Le Ghana amorce un changement stratégique dans son secteur agricole en lançant la production locale de semences de riz. Cette initiative, portée par un partenariat avec une entreprise coréenne, vise à réduire la dépendance aux importations et à renforcer l’autonomie des producteurs locaux.
Des essais prometteurs à Dawenya
Dans le cadre de sa politique agricole, le gouvernement ghanéen a initié un projet pilote à Dawenya, près d’Accra, en collaboration avec KOPIA (Korea Programme on International Agriculture), une entreprise coréenne spécialisée dans la production de semences. Cette première phase a déjà donné des résultats encourageants, selon le ministre de l’Alimentation et de l’Agriculture, Eric Opoku, qui s’est rendu sur le site pour constater l’évolution du projet.
KOPIA a fait don de 300 tonnes de semences de riz au gouvernement, qui seront mises à la disposition des riziculteurs. Bien que cette quantité soit encore modeste pour couvrir l’ensemble des besoins nationaux, les autorités assurent que des mesures seront prises pour renforcer la production dans les années à venir.
Une étape décisive vers l’autosuffisance
L’un des principaux atouts de ces semences est leur capacité à offrir un bon rendement en un cycle court : en seulement cinq mois, les premières plantations ont produit jusqu’à 5 tonnes de riz par hectare. Un atout majeur pour le développement du secteur rizicole ghanéen, qui cherche à réduire sa dépendance aux importations.
Le ministre Eric Opoku a souligné que l’expansion de cette initiative reste une priorité. À terme, la production locale de semences permettra non seulement de couvrir les besoins des riziculteurs du pays, mais aussi de favoriser une agriculture plus compétitive et résiliente.

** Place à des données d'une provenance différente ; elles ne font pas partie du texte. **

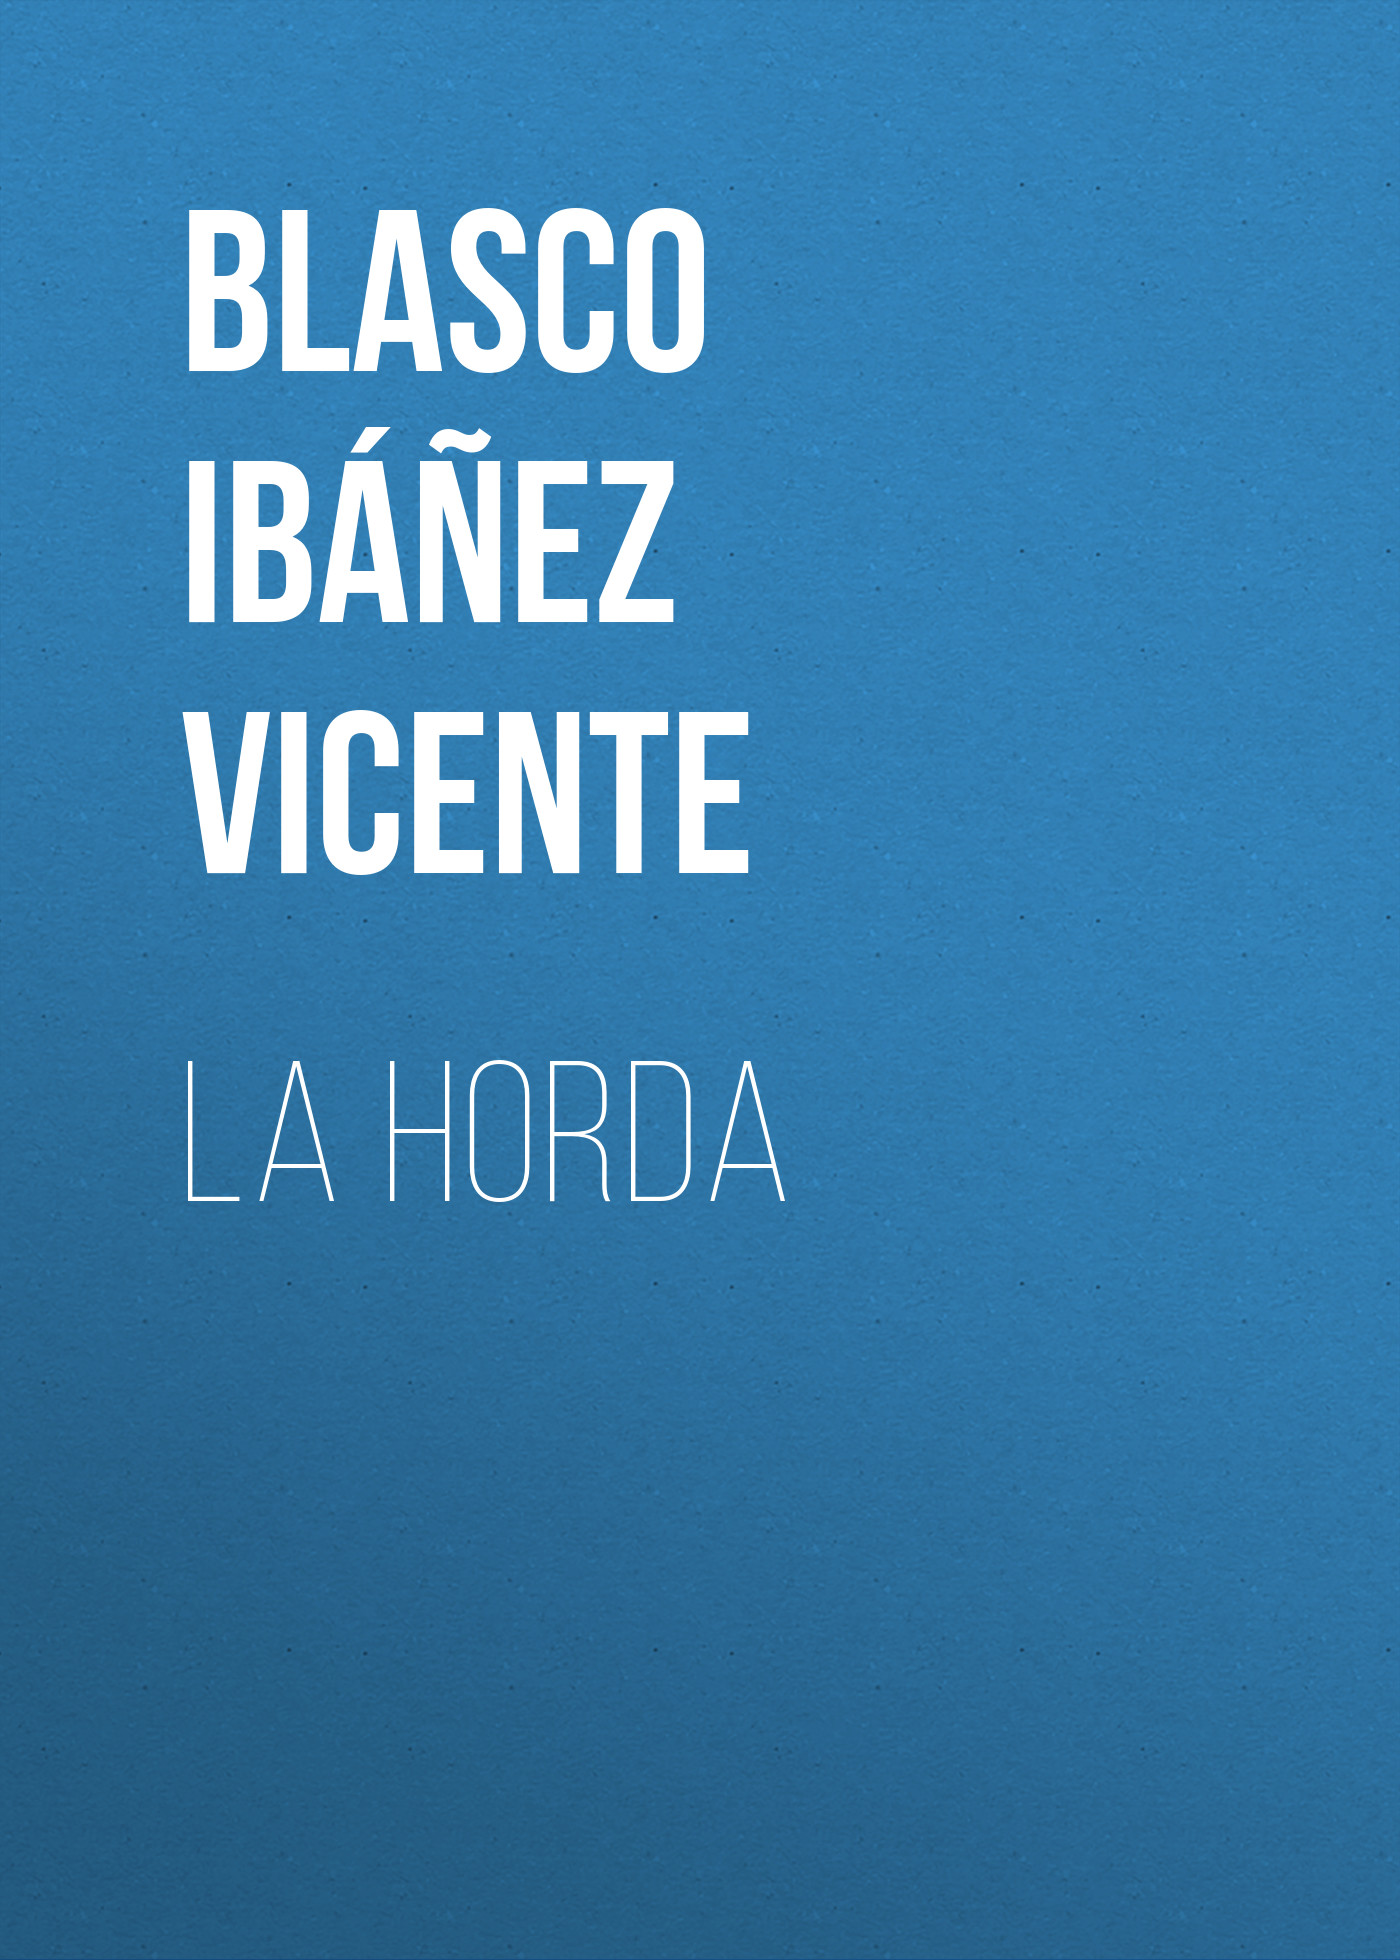 Книга La horda из серии , созданная Vicente Blasco Ibáñez, может относится к жанру Иностранные языки, Зарубежная старинная литература, Зарубежная классика. Стоимость электронной книги La horda с идентификатором 24173772 составляет 0.90 руб.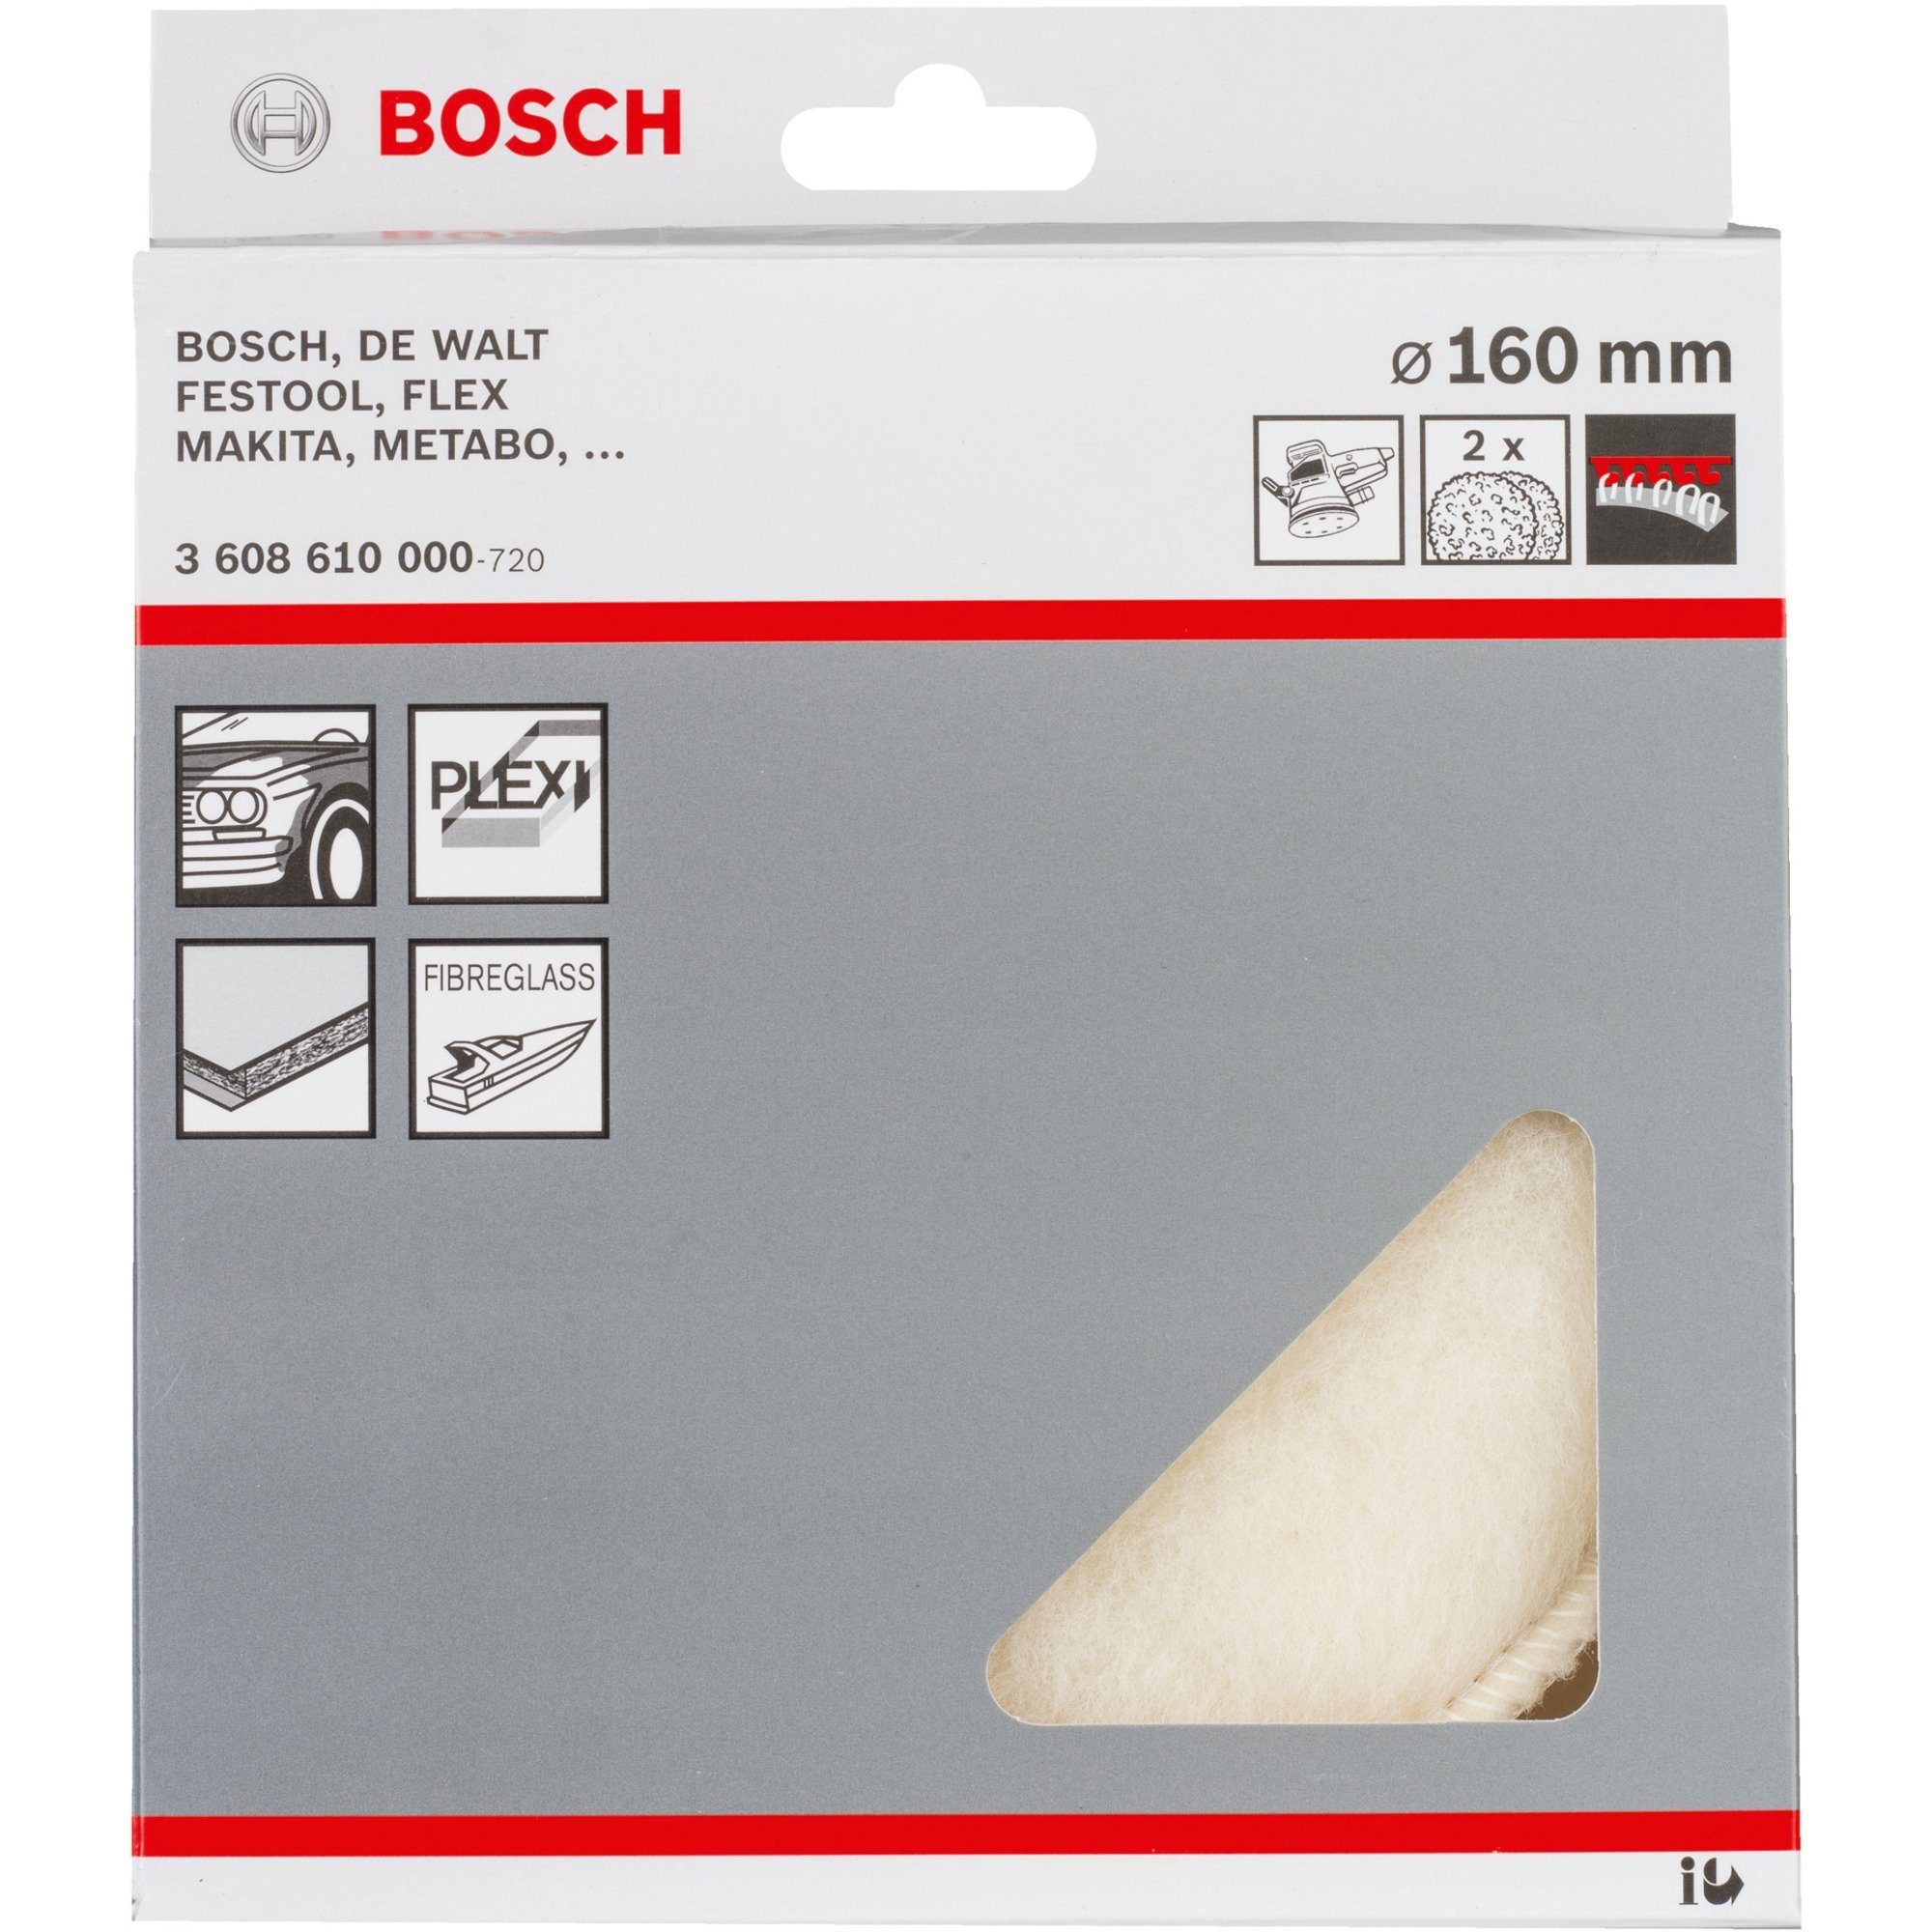 BOSCH Schleifscheibe Bosch Professional Lammfellscheibe, Ø 160mm, 2

Un enjeu économique et alimentaire
La production locale de semences de riz est une avancée stratégique pour le Ghana. En réduisant sa facture d’importation et en renforçant la capacité de production des agriculteurs, le pays franchit une étape vers une plus grande souveraineté alimentaire.
Si l’initiative porte ses fruits, elle pourrait transformer le secteur rizicole et inspirer d’autres pays de la région à adopter une approche similaire pour assurer leur sécurité alimentaire. L’enjeu est de taille : garantir aux agriculteurs des semences de qualité, adaptées aux réalités locales, et bâtir un secteur agricole plus robuste et indépendant.